Directions for this task
Every line of the material is to be returned verbatim. Pictures stay out.

-------- Dataset content --------

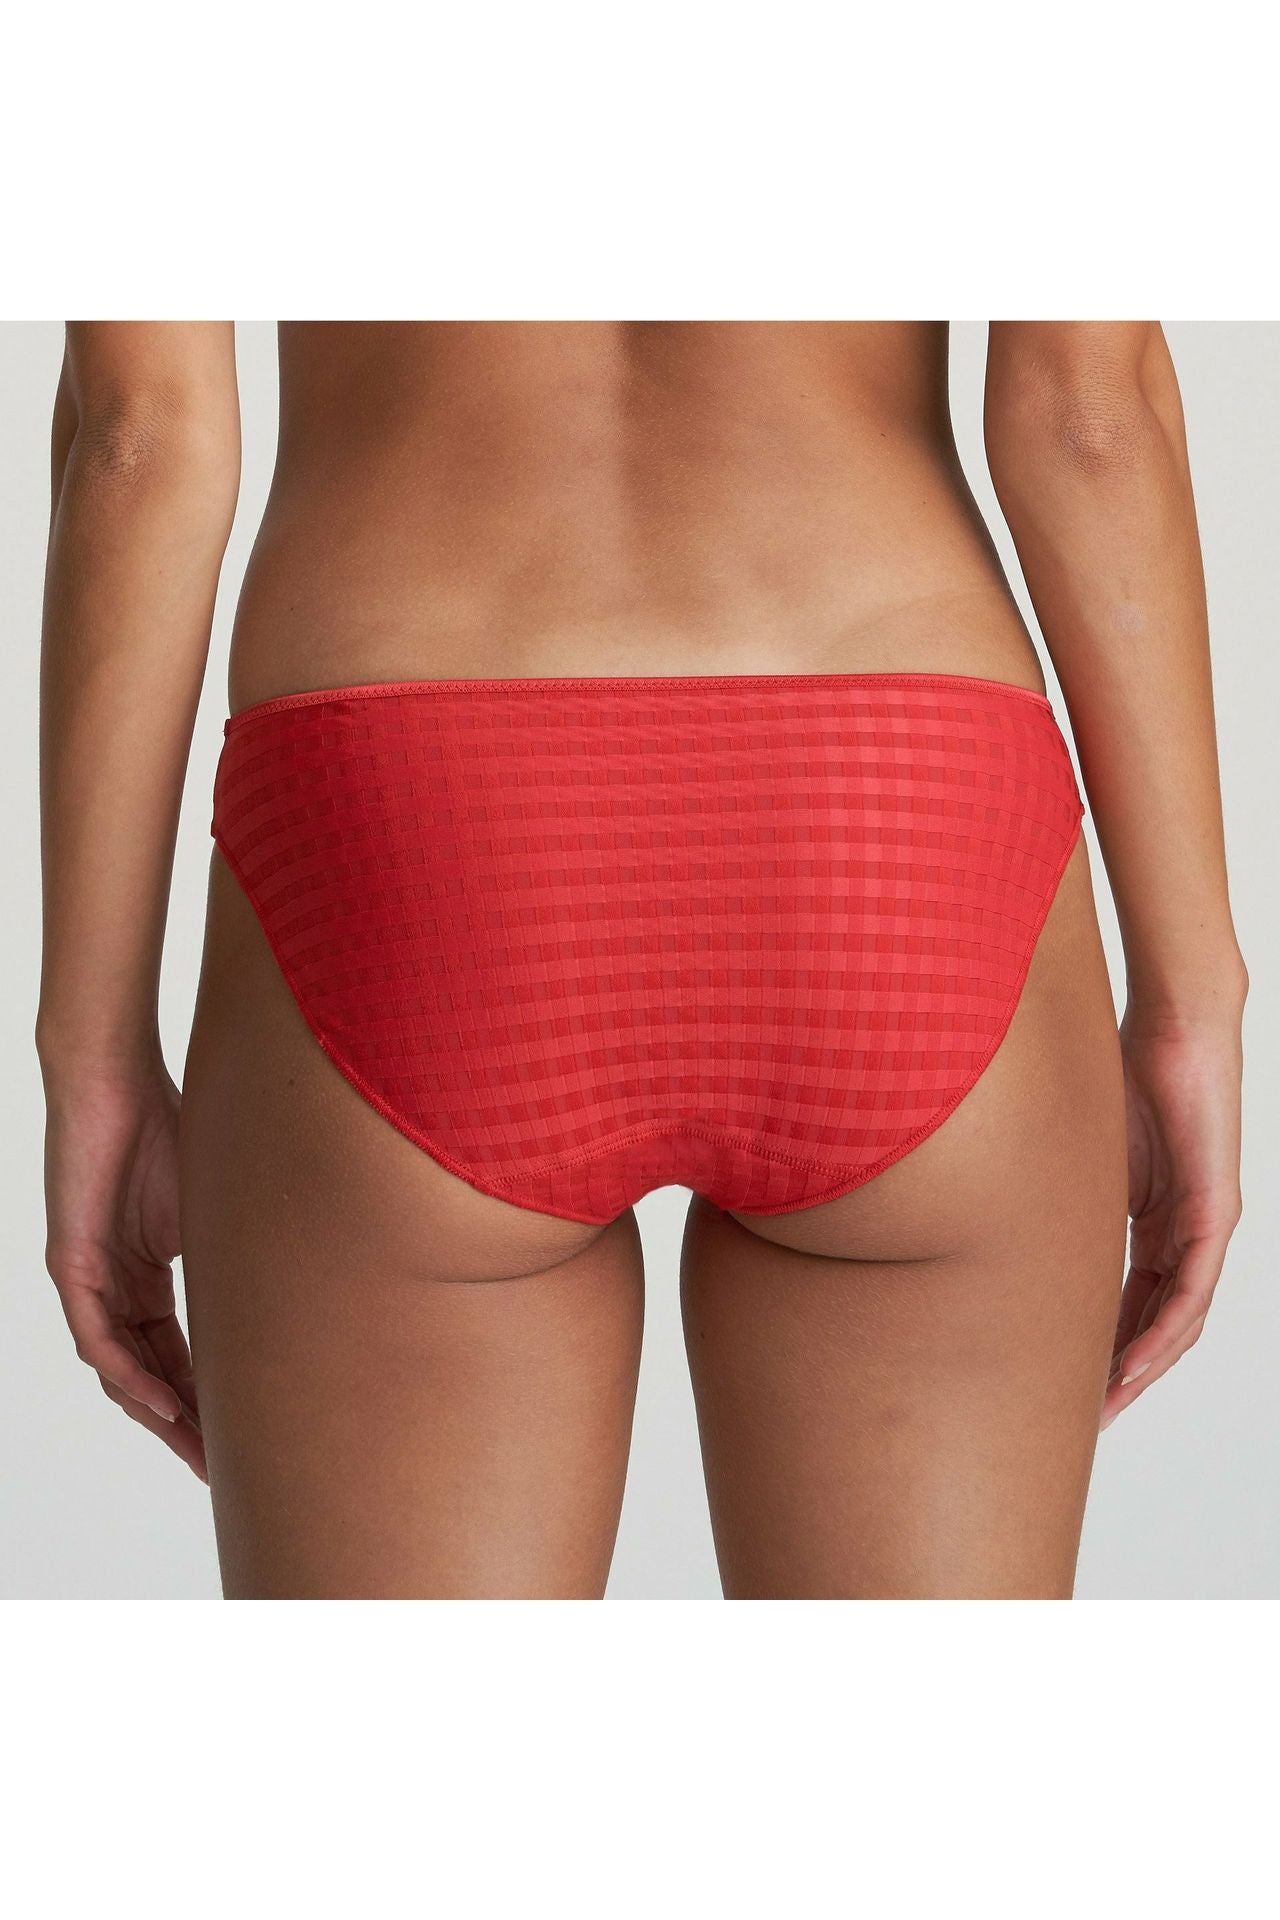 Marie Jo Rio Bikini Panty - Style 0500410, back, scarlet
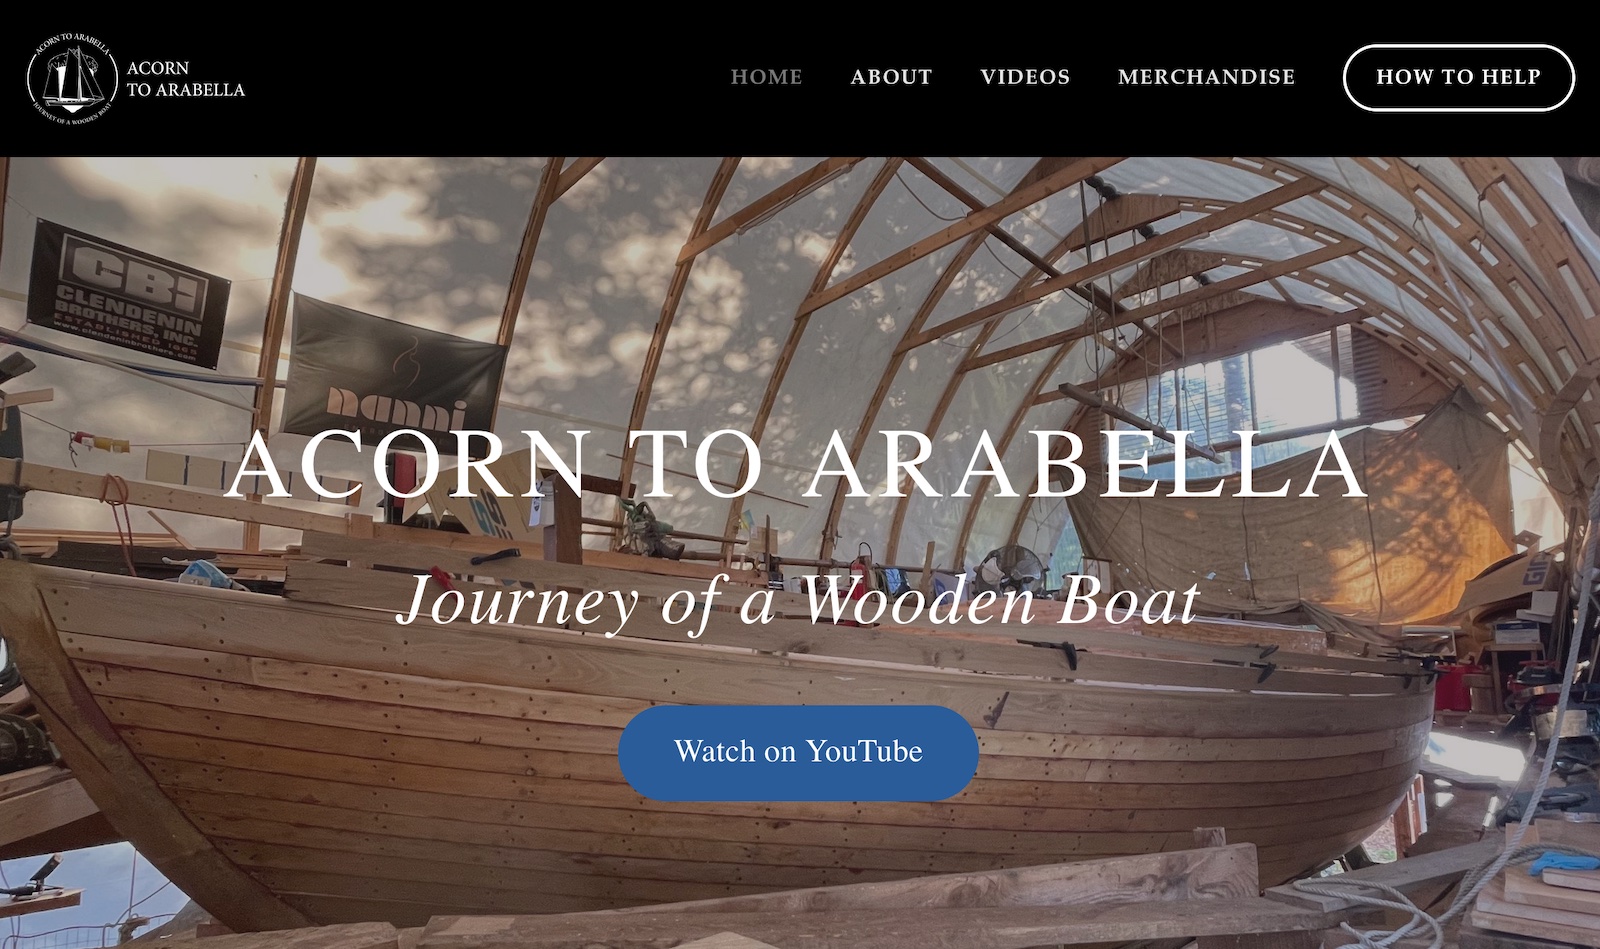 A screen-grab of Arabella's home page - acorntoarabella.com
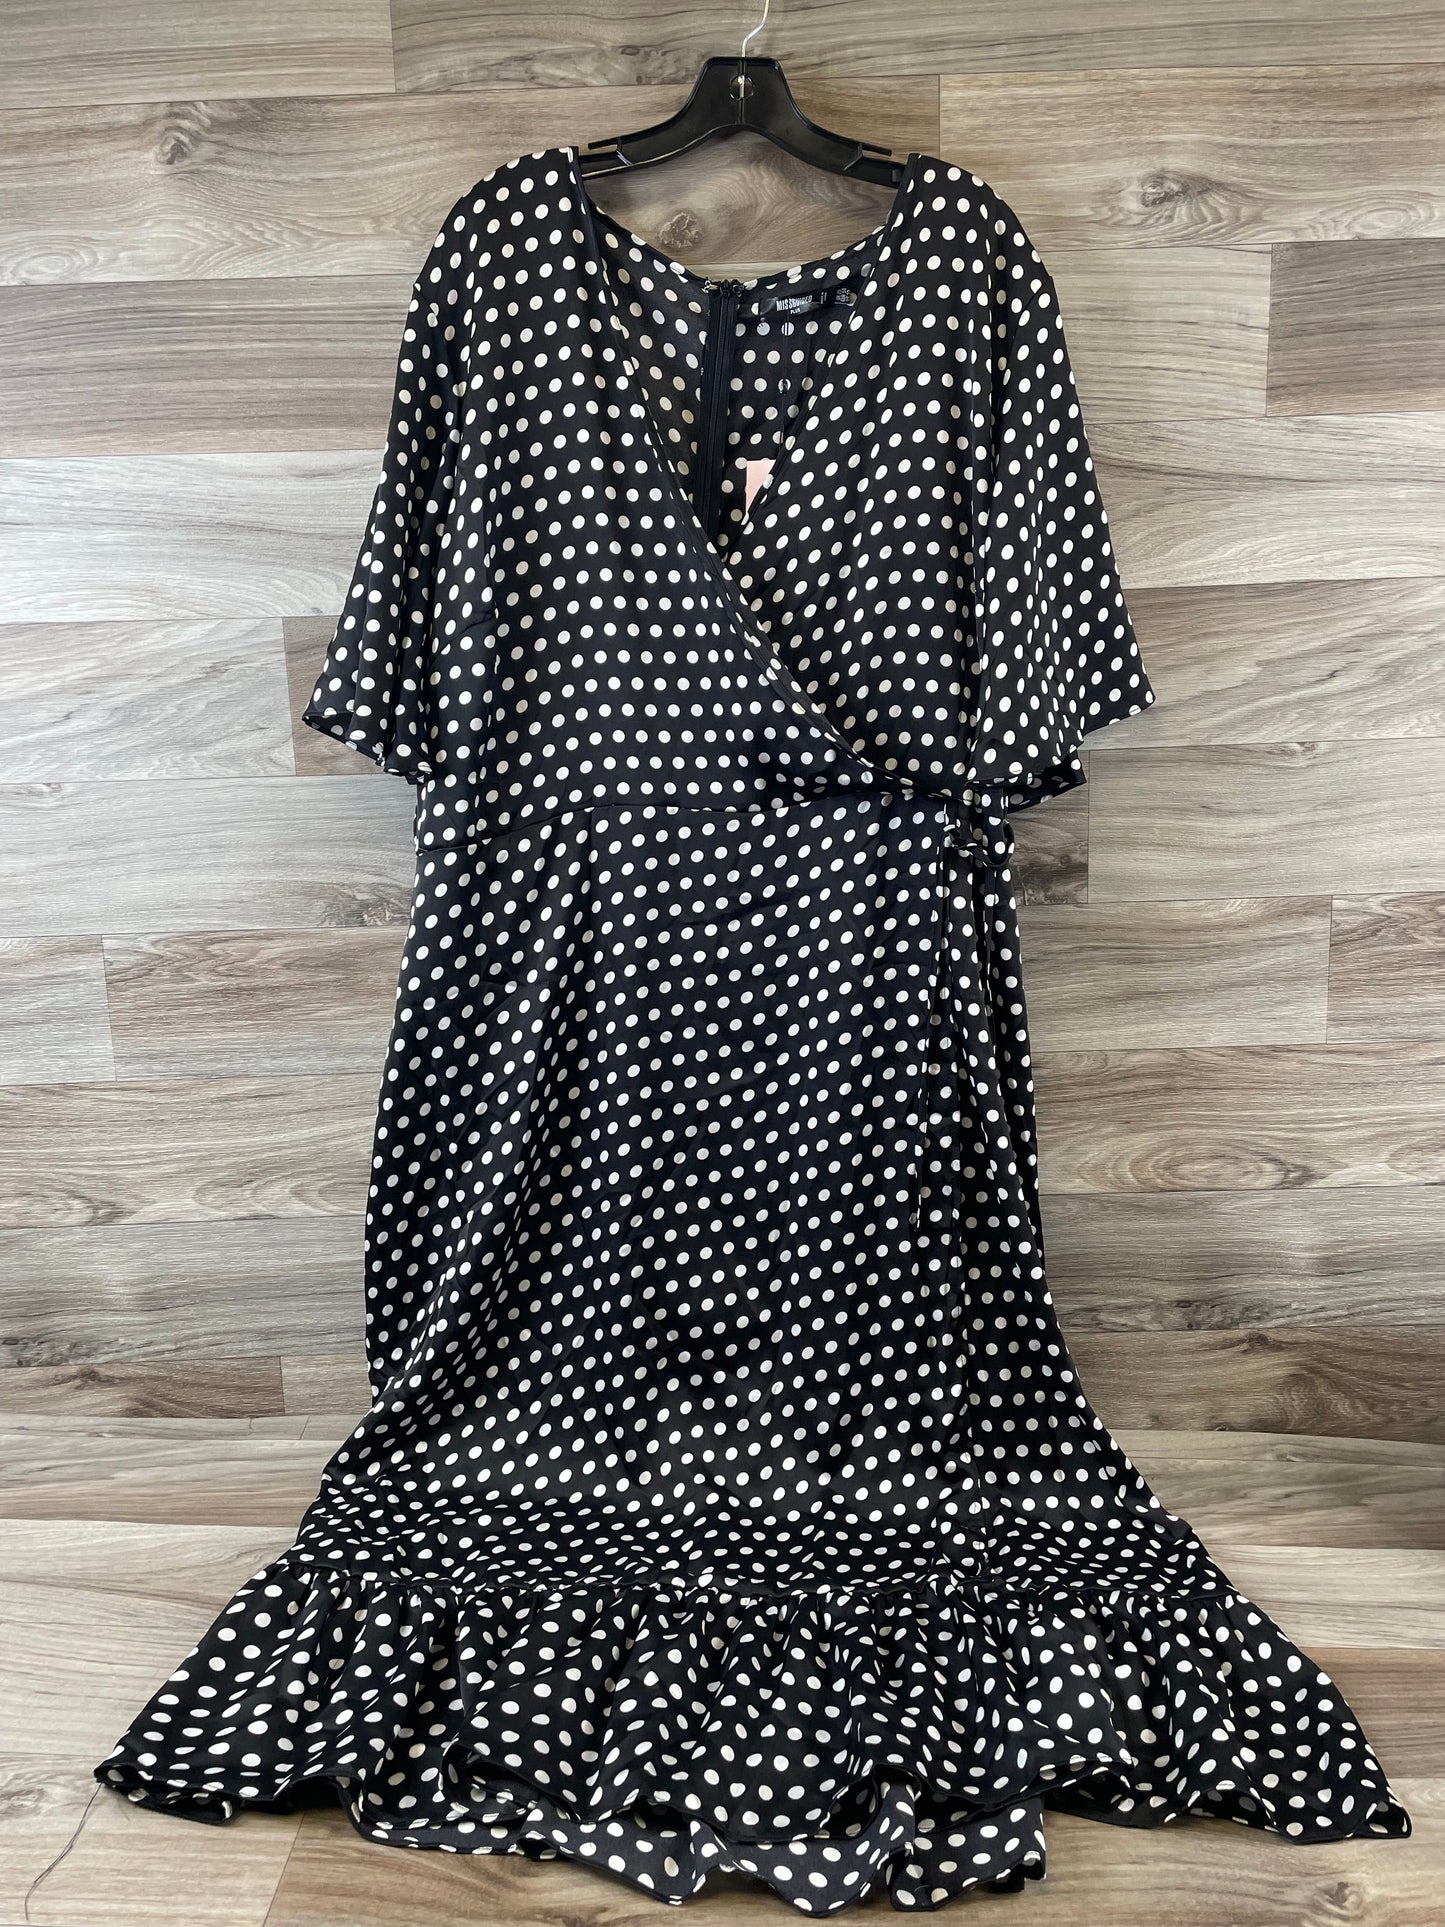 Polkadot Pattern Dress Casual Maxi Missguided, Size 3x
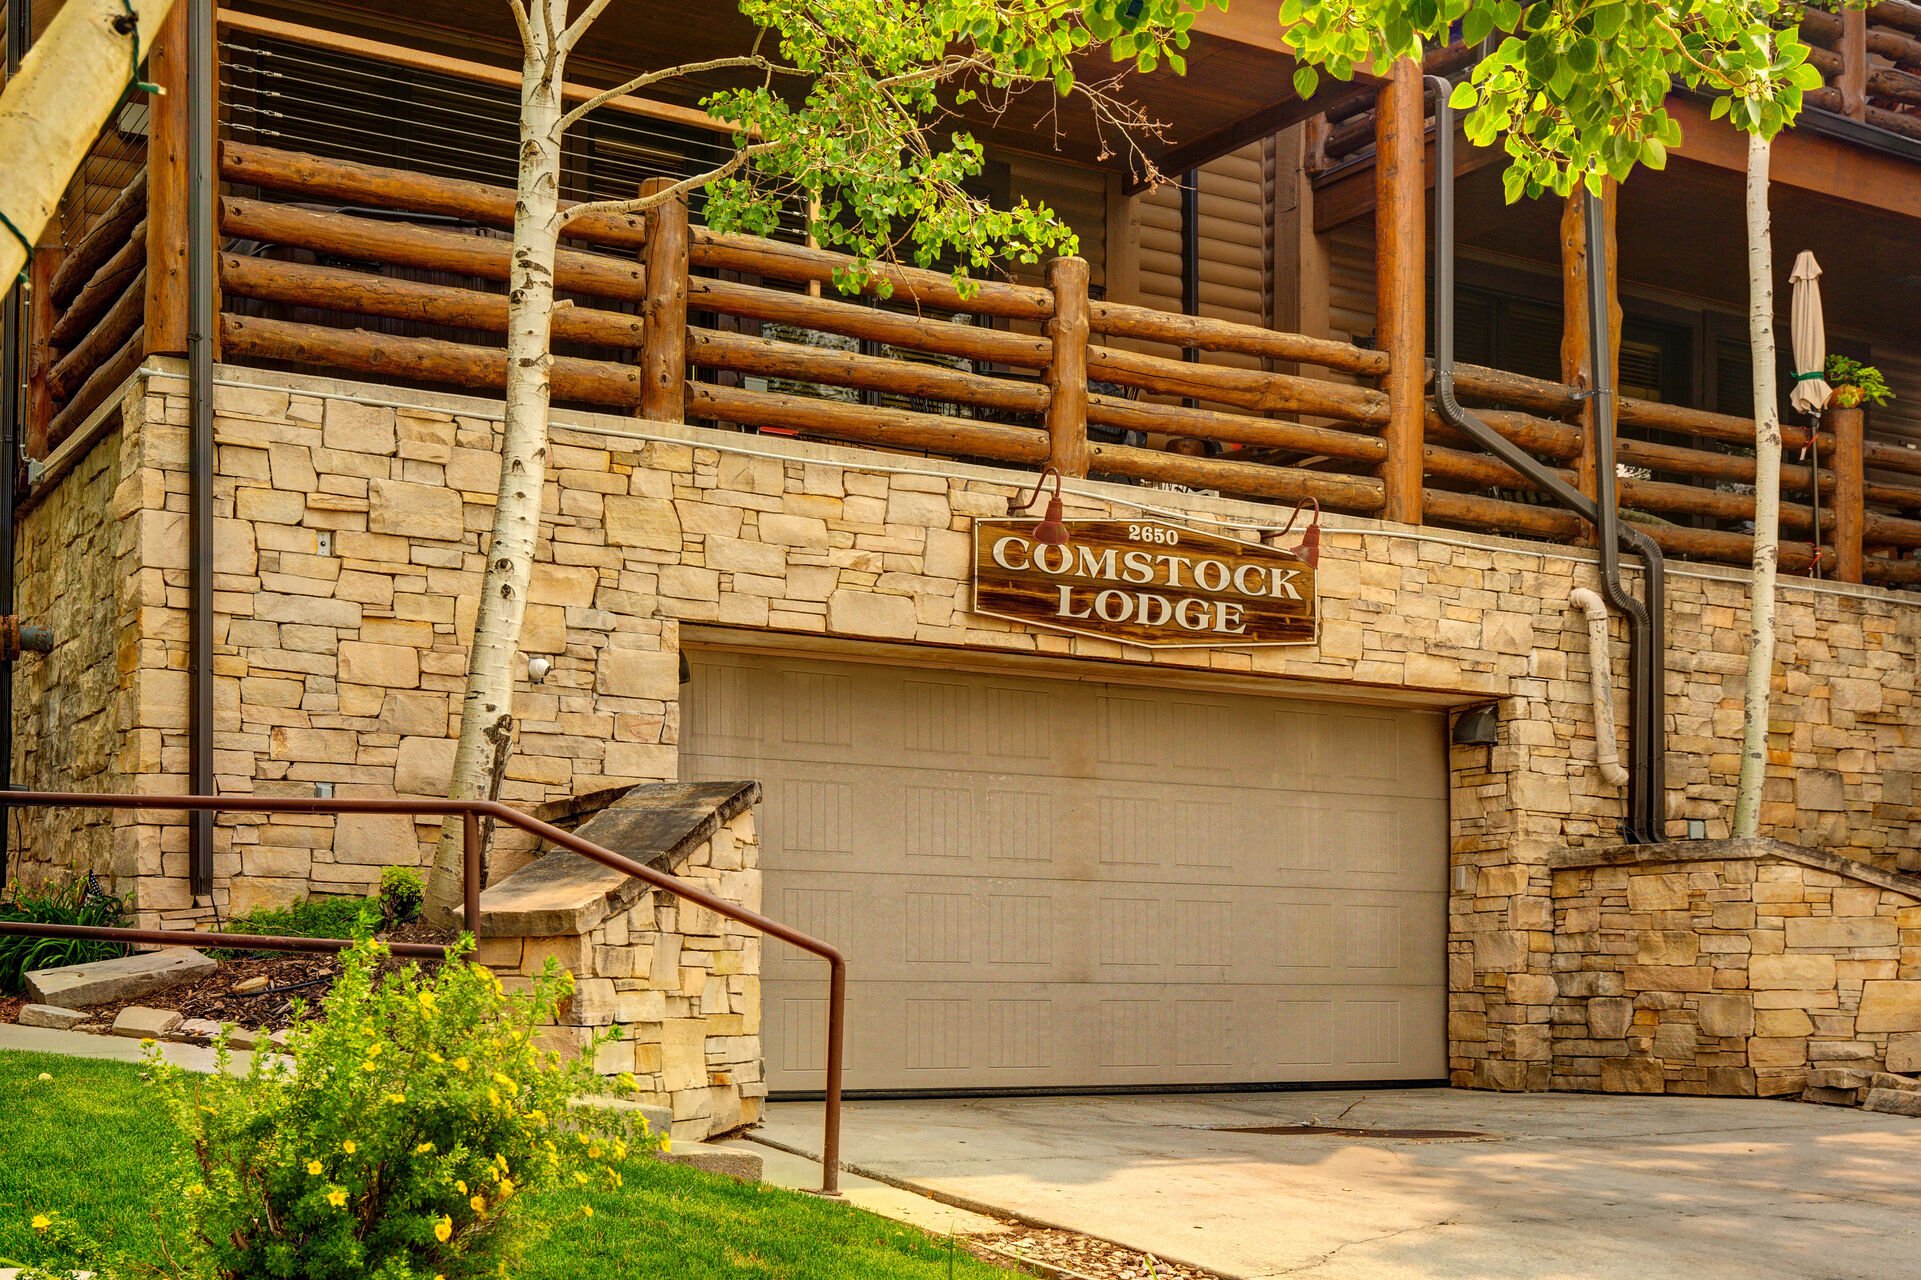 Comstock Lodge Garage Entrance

--------

Answer space
 Marie Jo Rio Bikini Panty - Style 0500410, back, scarlet
 A screen-grab of Arabella's home page - acorntoarabella.com
 Polkadot Pattern Dress Casual Maxi Missguided, Size 3x
 Comstock Lodge Garage Entrance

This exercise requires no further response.